=== Aim of the task ===
The exercise calls for every entry that follows to be repeated exactly.

Data for analysis: Begin

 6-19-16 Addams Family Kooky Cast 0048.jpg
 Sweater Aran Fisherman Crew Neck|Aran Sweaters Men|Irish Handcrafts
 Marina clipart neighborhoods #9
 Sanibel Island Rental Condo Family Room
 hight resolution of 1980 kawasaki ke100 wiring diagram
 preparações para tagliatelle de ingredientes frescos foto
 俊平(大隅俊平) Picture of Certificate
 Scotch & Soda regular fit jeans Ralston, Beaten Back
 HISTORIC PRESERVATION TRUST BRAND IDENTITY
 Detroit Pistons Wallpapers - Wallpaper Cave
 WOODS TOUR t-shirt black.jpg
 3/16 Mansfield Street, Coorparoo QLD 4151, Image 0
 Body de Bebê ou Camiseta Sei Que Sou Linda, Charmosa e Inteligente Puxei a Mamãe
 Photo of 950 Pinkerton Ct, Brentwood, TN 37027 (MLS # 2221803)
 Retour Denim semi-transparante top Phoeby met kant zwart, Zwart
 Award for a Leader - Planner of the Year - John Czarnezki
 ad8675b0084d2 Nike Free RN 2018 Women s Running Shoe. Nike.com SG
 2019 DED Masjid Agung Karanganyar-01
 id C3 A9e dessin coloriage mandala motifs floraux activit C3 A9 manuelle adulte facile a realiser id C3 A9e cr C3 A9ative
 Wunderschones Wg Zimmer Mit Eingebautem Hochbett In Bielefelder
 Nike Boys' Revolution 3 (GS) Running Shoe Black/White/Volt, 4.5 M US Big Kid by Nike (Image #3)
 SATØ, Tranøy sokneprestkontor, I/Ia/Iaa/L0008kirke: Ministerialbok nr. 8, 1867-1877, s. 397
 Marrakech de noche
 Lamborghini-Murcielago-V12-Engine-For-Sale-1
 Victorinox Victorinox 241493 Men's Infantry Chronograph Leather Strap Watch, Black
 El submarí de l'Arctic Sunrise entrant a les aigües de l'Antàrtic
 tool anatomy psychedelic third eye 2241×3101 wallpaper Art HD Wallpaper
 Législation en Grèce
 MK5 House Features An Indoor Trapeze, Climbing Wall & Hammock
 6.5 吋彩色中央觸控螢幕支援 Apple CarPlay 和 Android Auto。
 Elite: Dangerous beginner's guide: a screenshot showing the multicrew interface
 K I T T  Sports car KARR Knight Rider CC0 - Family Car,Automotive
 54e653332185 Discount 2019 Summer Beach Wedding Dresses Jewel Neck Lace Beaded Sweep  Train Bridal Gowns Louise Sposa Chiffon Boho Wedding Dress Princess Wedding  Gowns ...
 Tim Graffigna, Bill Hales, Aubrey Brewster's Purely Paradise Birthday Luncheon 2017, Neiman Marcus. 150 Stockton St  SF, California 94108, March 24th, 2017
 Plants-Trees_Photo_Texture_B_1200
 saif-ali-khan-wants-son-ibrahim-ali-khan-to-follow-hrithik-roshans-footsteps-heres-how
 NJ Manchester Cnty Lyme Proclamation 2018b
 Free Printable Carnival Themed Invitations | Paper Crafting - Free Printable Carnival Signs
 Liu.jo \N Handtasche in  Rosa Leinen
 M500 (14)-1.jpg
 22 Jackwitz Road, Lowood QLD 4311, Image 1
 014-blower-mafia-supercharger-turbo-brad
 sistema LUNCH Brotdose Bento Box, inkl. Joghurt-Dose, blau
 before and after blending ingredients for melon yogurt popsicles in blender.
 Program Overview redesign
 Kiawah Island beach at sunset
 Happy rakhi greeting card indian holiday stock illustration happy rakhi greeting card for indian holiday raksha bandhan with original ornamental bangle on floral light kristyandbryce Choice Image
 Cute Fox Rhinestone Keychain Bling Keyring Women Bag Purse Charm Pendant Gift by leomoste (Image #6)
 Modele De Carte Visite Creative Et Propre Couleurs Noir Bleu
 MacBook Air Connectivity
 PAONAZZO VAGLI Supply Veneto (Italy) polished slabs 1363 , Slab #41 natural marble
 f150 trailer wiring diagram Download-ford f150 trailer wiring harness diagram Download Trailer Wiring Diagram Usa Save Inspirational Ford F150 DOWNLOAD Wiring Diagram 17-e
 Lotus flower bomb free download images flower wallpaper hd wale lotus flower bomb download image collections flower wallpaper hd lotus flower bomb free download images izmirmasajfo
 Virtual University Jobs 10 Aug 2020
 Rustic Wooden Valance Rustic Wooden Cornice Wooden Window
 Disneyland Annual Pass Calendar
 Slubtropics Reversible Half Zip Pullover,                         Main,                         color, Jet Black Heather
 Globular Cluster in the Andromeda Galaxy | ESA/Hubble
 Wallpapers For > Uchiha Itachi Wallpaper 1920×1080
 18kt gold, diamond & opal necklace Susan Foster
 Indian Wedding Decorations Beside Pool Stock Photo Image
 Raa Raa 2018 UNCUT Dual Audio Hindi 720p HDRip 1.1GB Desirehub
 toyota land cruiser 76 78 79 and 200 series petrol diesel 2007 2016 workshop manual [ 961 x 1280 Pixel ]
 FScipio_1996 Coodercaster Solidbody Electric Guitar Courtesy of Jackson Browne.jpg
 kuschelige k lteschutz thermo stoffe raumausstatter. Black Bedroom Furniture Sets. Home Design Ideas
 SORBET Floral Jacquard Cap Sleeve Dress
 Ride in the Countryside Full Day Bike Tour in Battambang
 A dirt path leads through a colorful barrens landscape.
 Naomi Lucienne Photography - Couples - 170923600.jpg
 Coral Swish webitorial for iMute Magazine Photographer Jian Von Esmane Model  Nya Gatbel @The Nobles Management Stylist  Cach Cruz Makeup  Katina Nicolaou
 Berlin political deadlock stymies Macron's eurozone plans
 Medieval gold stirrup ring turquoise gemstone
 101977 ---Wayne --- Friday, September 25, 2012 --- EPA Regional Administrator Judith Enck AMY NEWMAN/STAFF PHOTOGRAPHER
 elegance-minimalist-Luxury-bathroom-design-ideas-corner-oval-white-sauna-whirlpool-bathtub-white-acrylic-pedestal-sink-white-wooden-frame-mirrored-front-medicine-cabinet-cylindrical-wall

Data for analysis: End

=== Your solution ===
 6-19-16 Addams Family Kooky Cast 0048.jpg
 Sweater Aran Fisherman Crew Neck|Aran Sweaters Men|Irish Handcrafts
 Marina clipart neighborhoods #9
 Sanibel Island Rental Condo Family Room
 hight resolution of 1980 kawasaki ke100 wiring diagram
 preparações para tagliatelle de ingredientes frescos foto
 俊平(大隅俊平) Picture of Certificate
 Scotch & Soda regular fit jeans Ralston, Beaten Back
 HISTORIC PRESERVATION TRUST BRAND IDENTITY
 Detroit Pistons Wallpapers - Wallpaper Cave
 WOODS TOUR t-shirt black.jpg
 3/16 Mansfield Street, Coorparoo QLD 4151, Image 0
 Body de Bebê ou Camiseta Sei Que Sou Linda, Charmosa e Inteligente Puxei a Mamãe
 Photo of 950 Pinkerton Ct, Brentwood, TN 37027 (MLS # 2221803)
 Retour Denim semi-transparante top Phoeby met kant zwart, Zwart
 Award for a Leader - Planner of the Year - John Czarnezki
 ad8675b0084d2 Nike Free RN 2018 Women s Running Shoe. Nike.com SG
 2019 DED Masjid Agung Karanganyar-01
 id C3 A9e dessin coloriage mandala motifs floraux activit C3 A9 manuelle adulte facile a realiser id C3 A9e cr C3 A9ative
 Wunderschones Wg Zimmer Mit Eingebautem Hochbett In Bielefelder
 Nike Boys' Revolution 3 (GS) Running Shoe Black/White/Volt, 4.5 M US Big Kid by Nike (Image #3)
 SATØ, Tranøy sokneprestkontor, I/Ia/Iaa/L0008kirke: Ministerialbok nr. 8, 1867-1877, s. 397
 Marrakech de noche
 Lamborghini-Murcielago-V12-Engine-For-Sale-1
 Victorinox Victorinox 241493 Men's Infantry Chronograph Leather Strap Watch, Black
 El submarí de l'Arctic Sunrise entrant a les aigües de l'Antàrtic
 tool anatomy psychedelic third eye 2241×3101 wallpaper Art HD Wallpaper
 Législation en Grèce
 MK5 House Features An Indoor Trapeze, Climbing Wall & Hammock
 6.5 吋彩色中央觸控螢幕支援 Apple CarPlay 和 Android Auto。
 Elite: Dangerous beginner's guide: a screenshot showing the multicrew interface
 K I T T  Sports car KARR Knight Rider CC0 - Family Car,Automotive
 54e653332185 Discount 2019 Summer Beach Wedding Dresses Jewel Neck Lace Beaded Sweep  Train Bridal Gowns Louise Sposa Chiffon Boho Wedding Dress Princess Wedding  Gowns ...
 Tim Graffigna, Bill Hales, Aubrey Brewster's Purely Paradise Birthday Luncheon 2017, Neiman Marcus. 150 Stockton St  SF, California 94108, March 24th, 2017
 Plants-Trees_Photo_Texture_B_1200
 saif-ali-khan-wants-son-ibrahim-ali-khan-to-follow-hrithik-roshans-footsteps-heres-how
 NJ Manchester Cnty Lyme Proclamation 2018b
 Free Printable Carnival Themed Invitations | Paper Crafting - Free Printable Carnival Signs
 Liu.jo \N Handtasche in  Rosa Leinen
 M500 (14)-1.jpg
 22 Jackwitz Road, Lowood QLD 4311, Image 1
 014-blower-mafia-supercharger-turbo-brad
 sistema LUNCH Brotdose Bento Box, inkl. Joghurt-Dose, blau
 before and after blending ingredients for melon yogurt popsicles in blender.
 Program Overview redesign
 Kiawah Island beach at sunset
 Happy rakhi greeting card indian holiday stock illustration happy rakhi greeting card for indian holiday raksha bandhan with original ornamental bangle on floral light kristyandbryce Choice Image
 Cute Fox Rhinestone Keychain Bling Keyring Women Bag Purse Charm Pendant Gift by leomoste (Image #6)
 Modele De Carte Visite Creative Et Propre Couleurs Noir Bleu
 MacBook Air Connectivity
 PAONAZZO VAGLI Supply Veneto (Italy) polished slabs 1363 , Slab #41 natural marble
 f150 trailer wiring diagram Download-ford f150 trailer wiring harness diagram Download Trailer Wiring Diagram Usa Save Inspirational Ford F150 DOWNLOAD Wiring Diagram 17-e
 Lotus flower bomb free download images flower wallpaper hd wale lotus flower bomb download image collections flower wallpaper hd lotus flower bomb free download images izmirmasajfo
 Virtual University Jobs 10 Aug 2020
 Rustic Wooden Valance Rustic Wooden Cornice Wooden Window
 Disneyland Annual Pass Calendar
 Slubtropics Reversible Half Zip Pullover,                         Main,                         color, Jet Black Heather
 Globular Cluster in the Andromeda Galaxy | ESA/Hubble
 Wallpapers For > Uchiha Itachi Wallpaper 1920×1080
 18kt gold, diamond & opal necklace Susan Foster
 Indian Wedding Decorations Beside Pool Stock Photo Image
 Raa Raa 2018 UNCUT Dual Audio Hindi 720p HDRip 1.1GB Desirehub
 toyota land cruiser 76 78 79 and 200 series petrol diesel 2007 2016 workshop manual [ 961 x 1280 Pixel ]
 FScipio_1996 Coodercaster Solidbody Electric Guitar Courtesy of Jackson Browne.jpg
 kuschelige k lteschutz thermo stoffe raumausstatter. Black Bedroom Furniture Sets. Home Design Ideas
 SORBET Floral Jacquard Cap Sleeve Dress
 Ride in the Countryside Full Day Bike Tour in Battambang
 A dirt path leads through a colorful barrens landscape.
 Naomi Lucienne Photography - Couples - 170923600.jpg
 Coral Swish webitorial for iMute Magazine Photographer Jian Von Esmane Model  Nya Gatbel @The Nobles Management Stylist  Cach Cruz Makeup  Katina Nicolaou
 Berlin political deadlock stymies Macron's eurozone plans
 Medieval gold stirrup ring turquoise gemstone
 101977 ---Wayne --- Friday, September 25, 2012 --- EPA Regional Administrator Judith Enck AMY NEWMAN/STAFF PHOTOGRAPHER
 elegance-minimalist-Luxury-bathroom-design-ideas-corner-oval-white-sauna-whirlpool-bathtub-white-acrylic-pedestal-sink-white-wooden-frame-mirrored-front-medicine-cabinet-cylindrical-wall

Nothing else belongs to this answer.